## Exercise description
Pictures in the listing do not belong in the copy, which should repeat exactly the lines from the one holding "Trafalgar Survival First" through the last line.

## Dataset excerpt

[Start of section]

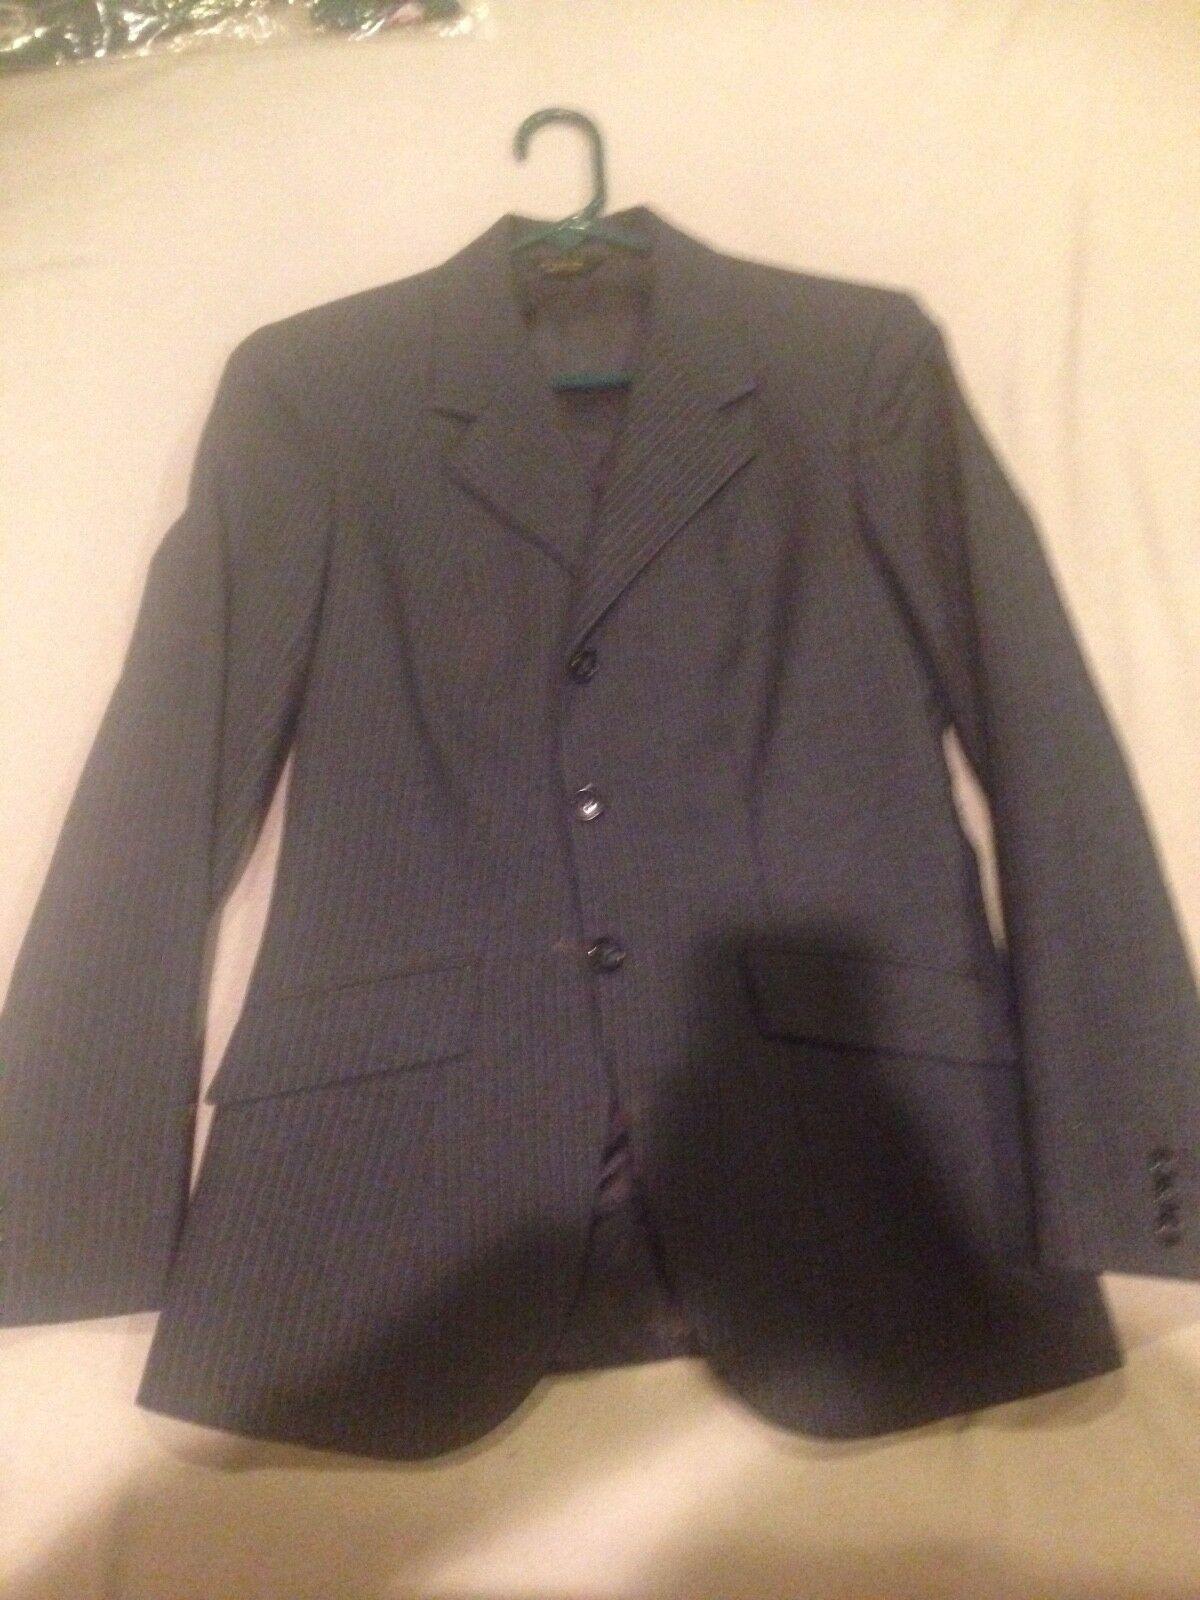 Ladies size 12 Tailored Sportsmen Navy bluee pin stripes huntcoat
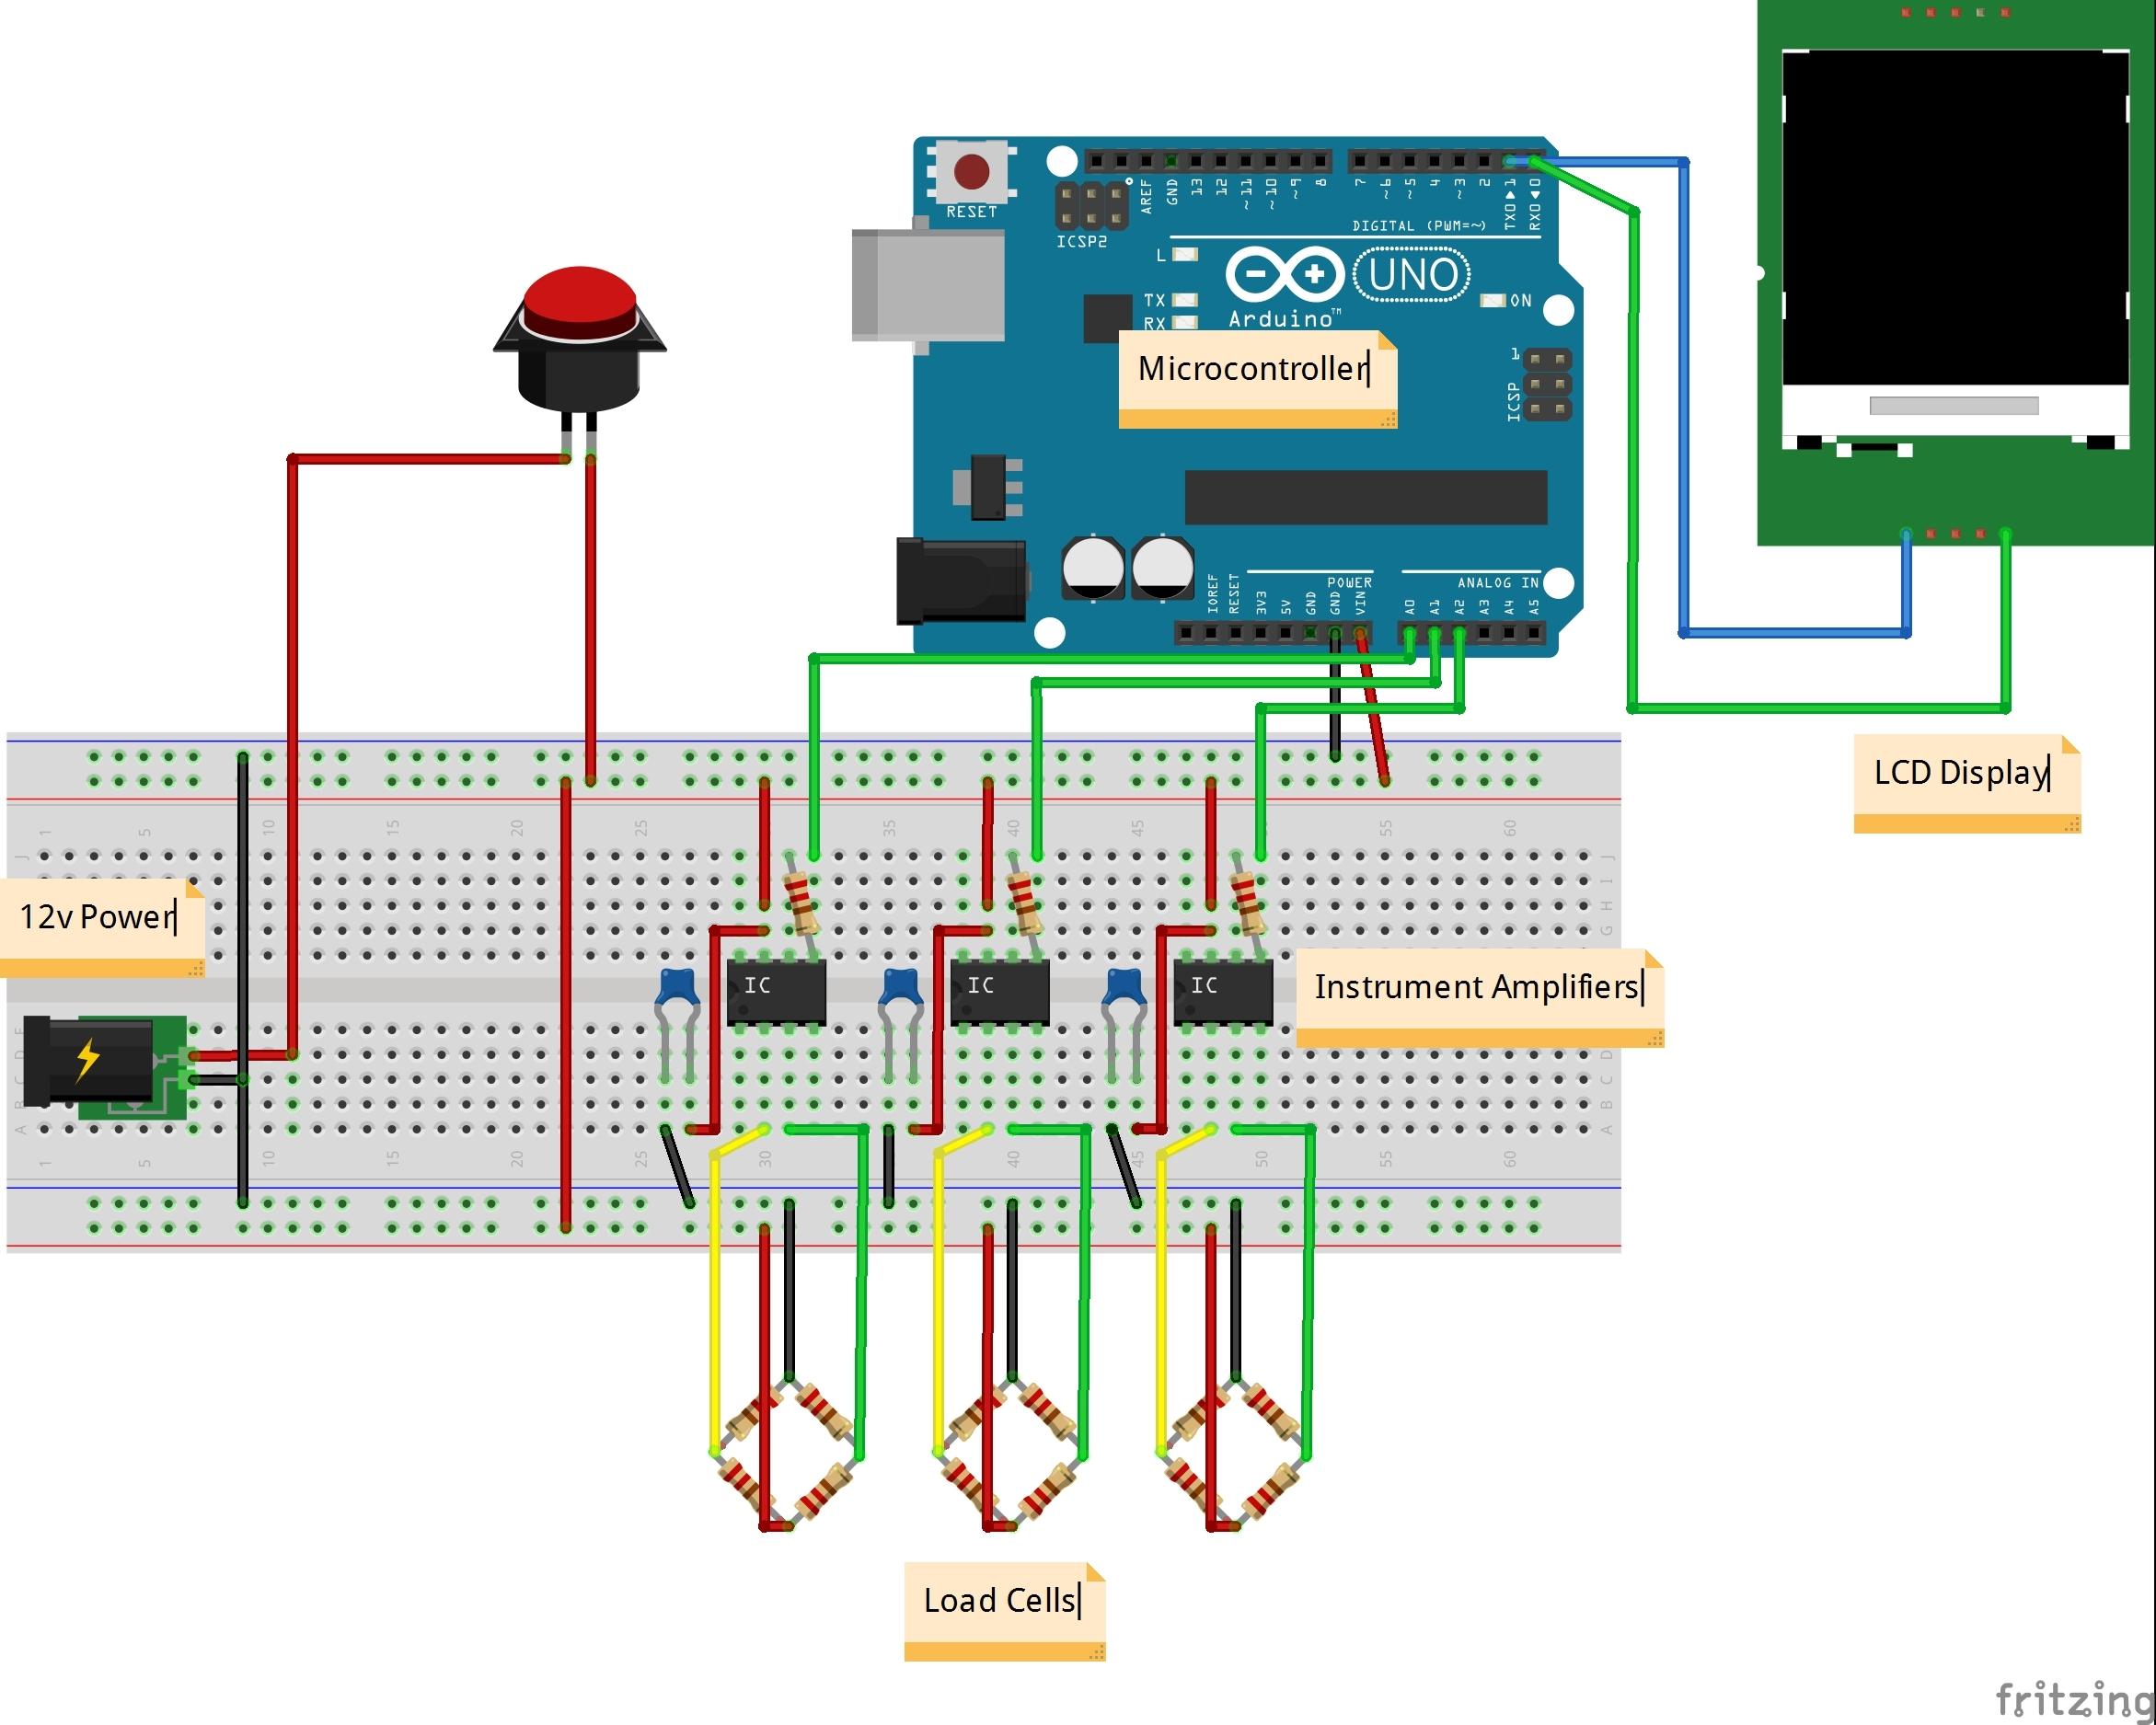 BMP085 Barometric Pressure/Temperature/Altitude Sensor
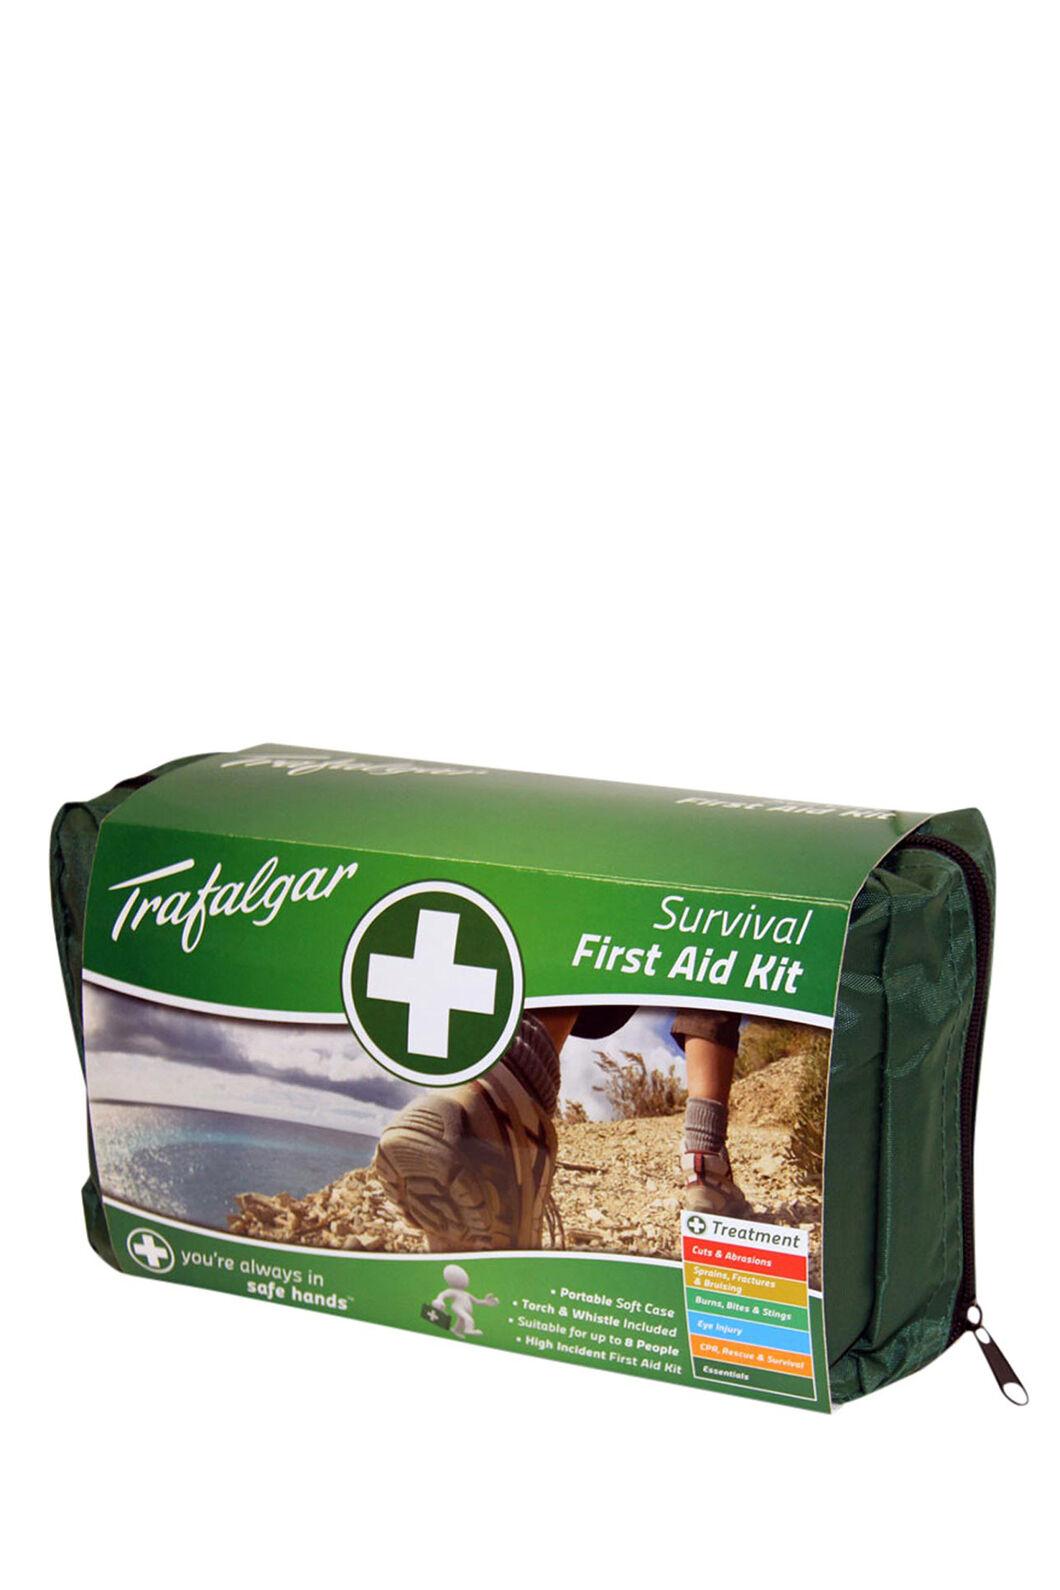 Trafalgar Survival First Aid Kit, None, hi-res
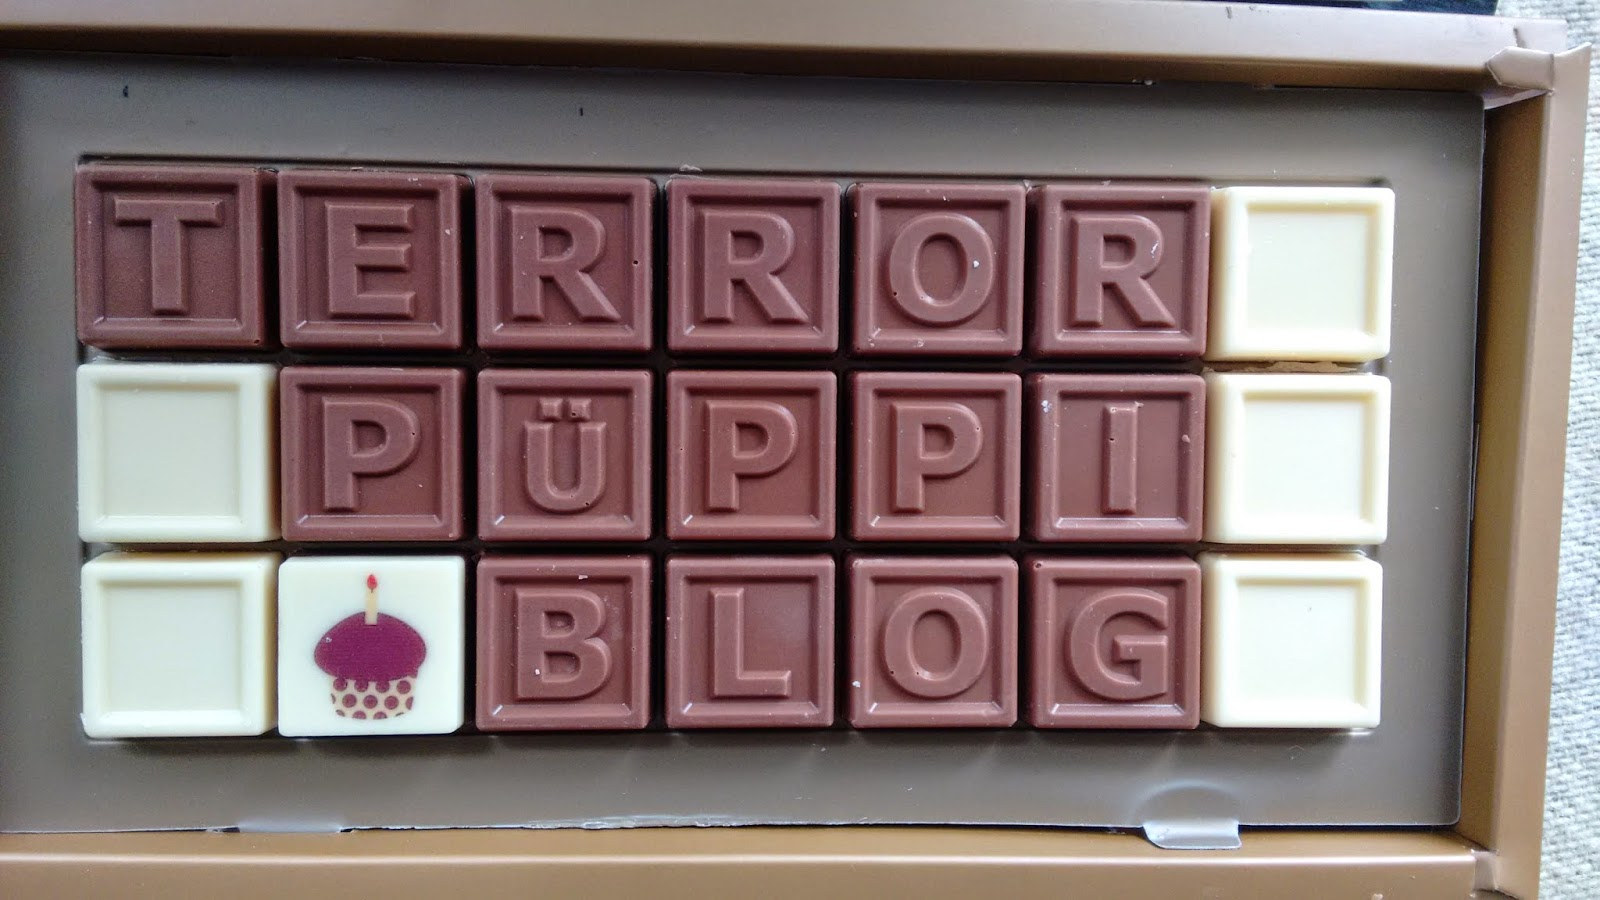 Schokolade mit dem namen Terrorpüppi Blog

[End of section]

## Exercise result
 Trafalgar Survival First Aid Kit, None, hi-res
 Schokolade mit dem namen Terrorpüppi Blog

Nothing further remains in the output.